Further research is crucial in the current epidemic, but members of the international research community can do more. They can help sound the alarm and highlight wider issues affecting colleagues, health officials and world leaders. Specifically, researchers can lobby politicians in the richest countries to further fund the efforts of the World Health Organization (WHO) and their national partners in North Kivu. Unlike many other international groups, WHO staff remain in North Kivu and, among other things, hold long talks with community leaders to build trust. At the end of February, WHO announced that it was urgent to mobilize US $ 148 million to continue its work, but that less than US $ 10 million had been announced.

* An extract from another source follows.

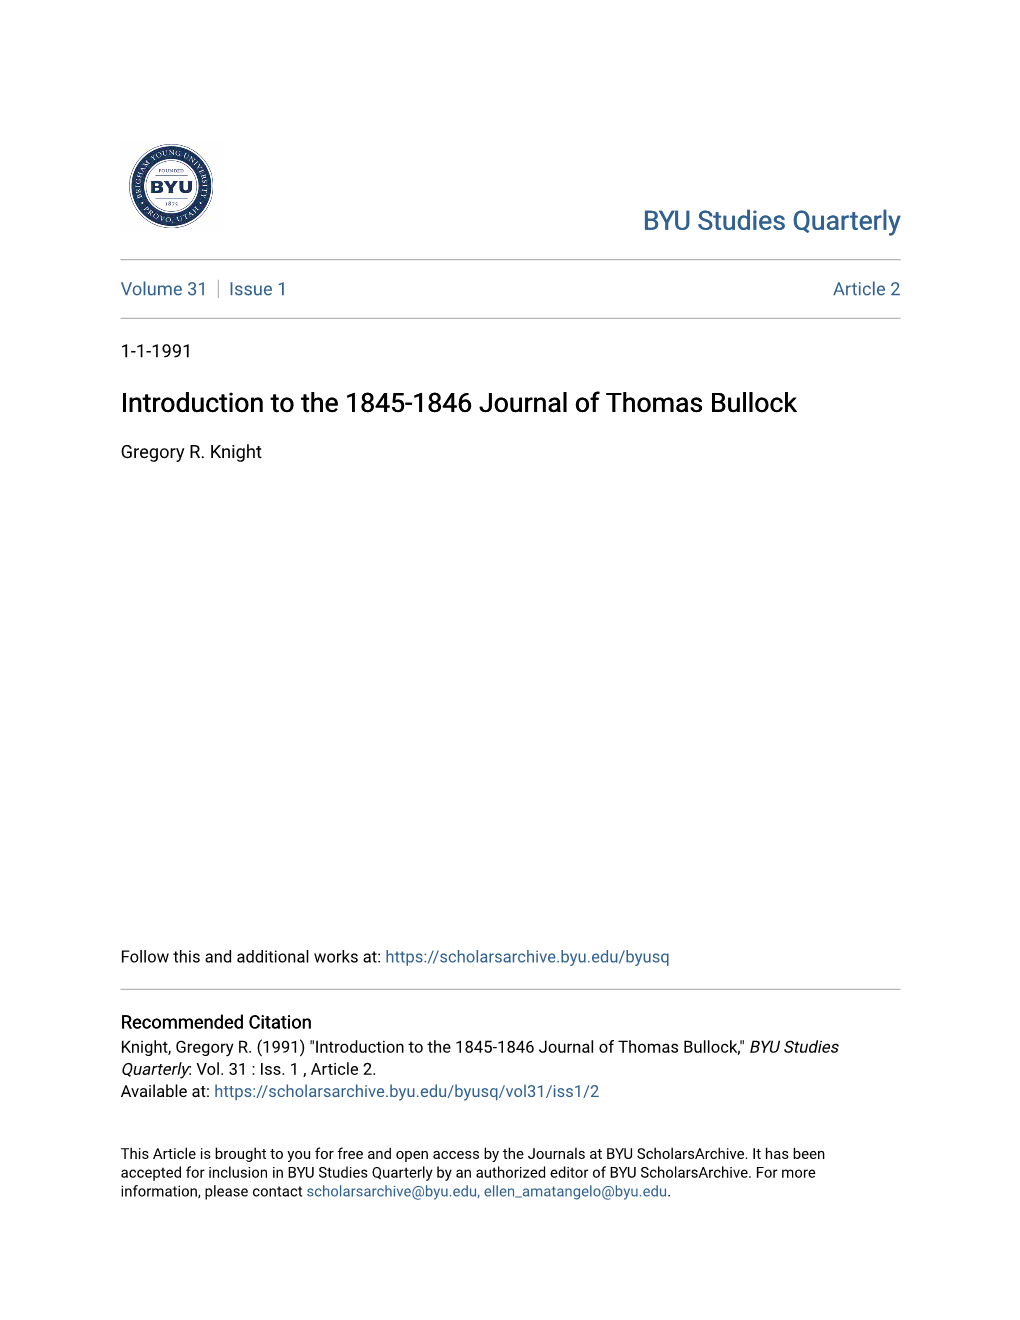 Introduction to the 1845-1846 Journal of Thomas Bullock

Researchers can also play a role in strengthening the DRC's biomedical and health institutions, thereby helping to build community confidence in the country's health system. For the moment, many people seek help elsewhere, for example in private clinics or traditional healers. After the 2014-2016 Ebola crisis in West Africa, donors around the world began investing in the creation of national public health agencies across Africa. Researchers conducting Ebola research can better support these agencies and local scientists by providing long-term mentorship, salary increases from their grants, study grants for conferences, exchange programs and the writing of publications. This will help develop a local scientific workforce capable of detecting and fighting infectious diseases before they degenerate.

The DRC epidemic could continue for a year. At that time, the virus could spread across porous borders in fragile countries such as Rwanda, Uganda, South Sudan and the Central African Republic. The opportunity to act is now.